We’re hearing more about long-term care operators partnering up with managed care companies.

Some firms seem to be doing pretty well. Others, not so much.

In a nutshell, troubled operators seem to be encountering this scenario: initial romance, followed by heightened accountability and reduced payments. As one analyst told me recently: if troubled providers thought Medicaid was a tyrant, wait until they get into bed with managed care.

Now, that assessment may be a bit harsh. The reality is that these marriages can work. But be naïve at your own risk. What success is largely going to come down to is demonstrated quality. And demonstrated quality will largely mean how well post-acute operators reduce rehospitalizations and meet related performance goals.

Many managed care companies are likely to link carrots and sticks to specific metrics. In addition, you will be judged against your peers when potential long-term care partners are being sized up.

For an industry long accustomed to focusing on census levels and fee pegs, this will mean no small readjustment. But it’s time to get cracking.

Avalere Health estimates that 19  states will expand enrollment in managed care plans between 2012 and 2014. “Quality measurements are transforming the way healthcare plans think,” said Avalere Health CEO Dan Mendelson. “You will need to measure your quality and prove your quality,” he adds.
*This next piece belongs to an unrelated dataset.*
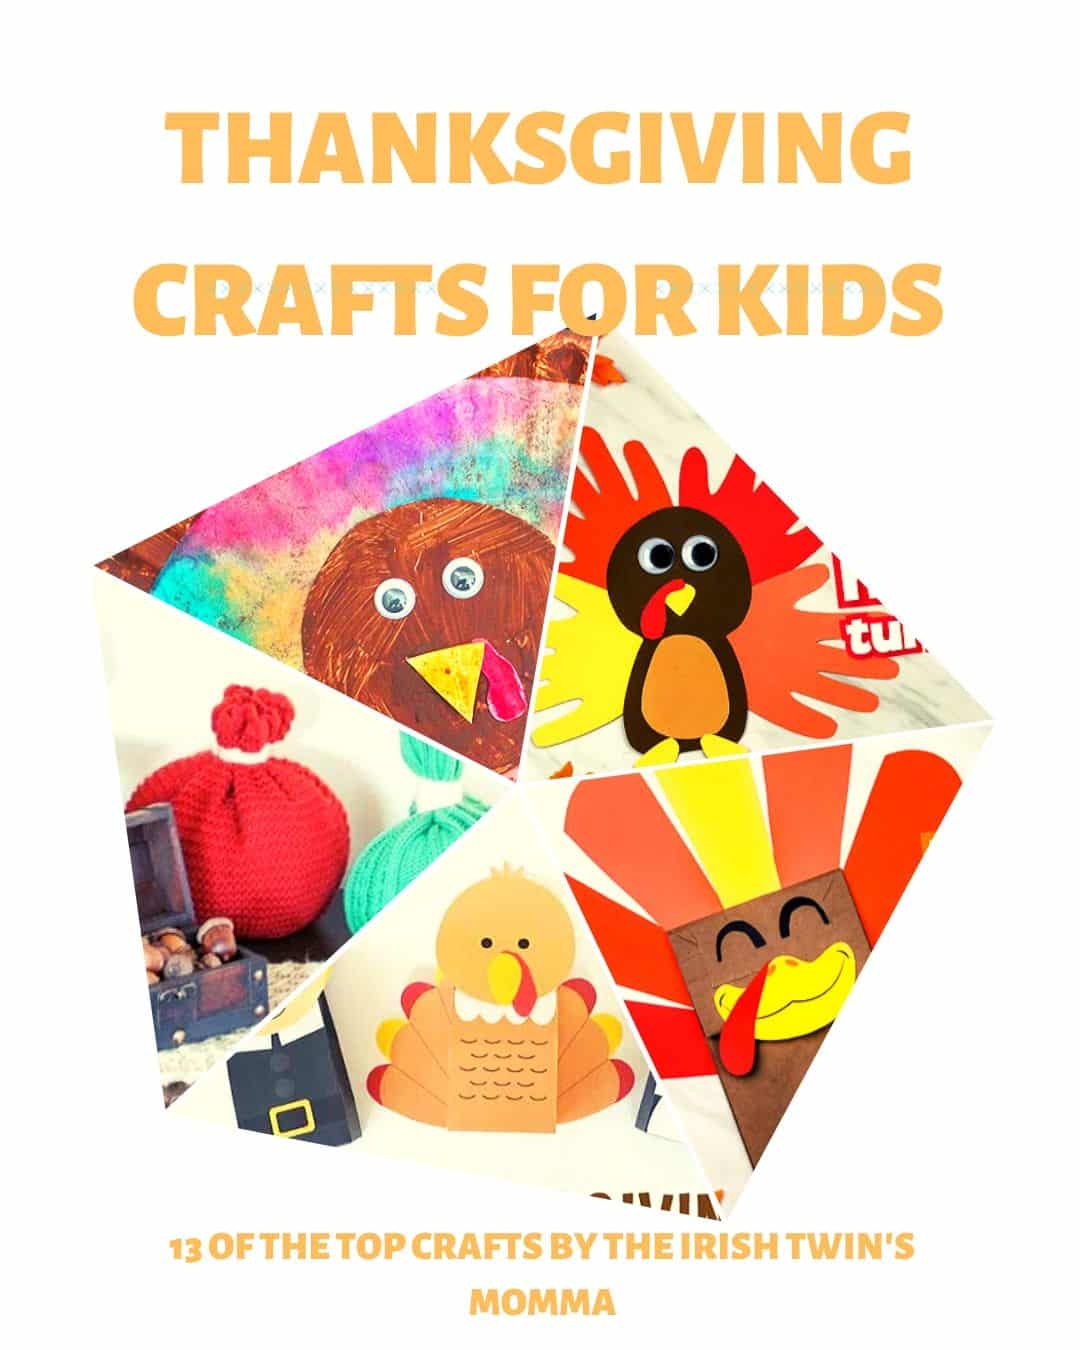 13 of my favorite Thanksgiving day crafts to create together while teaching my kids about the meaning of Thanksgiving. via @irishtwinsmom11

At a recent NIC regional meeting, California Association of Health Facilities CEO James Gomez noted that skilled nursing facilities have an excellent opportunity to show they are the best at post-acute care. But he added it won’t be a walk in the park.

 “If you don’t know your rehospitalization rate and that of all the other facilities in your ZIP code, get out of the business,” he said. “Quality will be the No. 1 factor of success.”

For skilled care operators, the path to managed care success should be clear: find a strong niche, be demonstrably good at it, and get business partners you can live with for the long haul.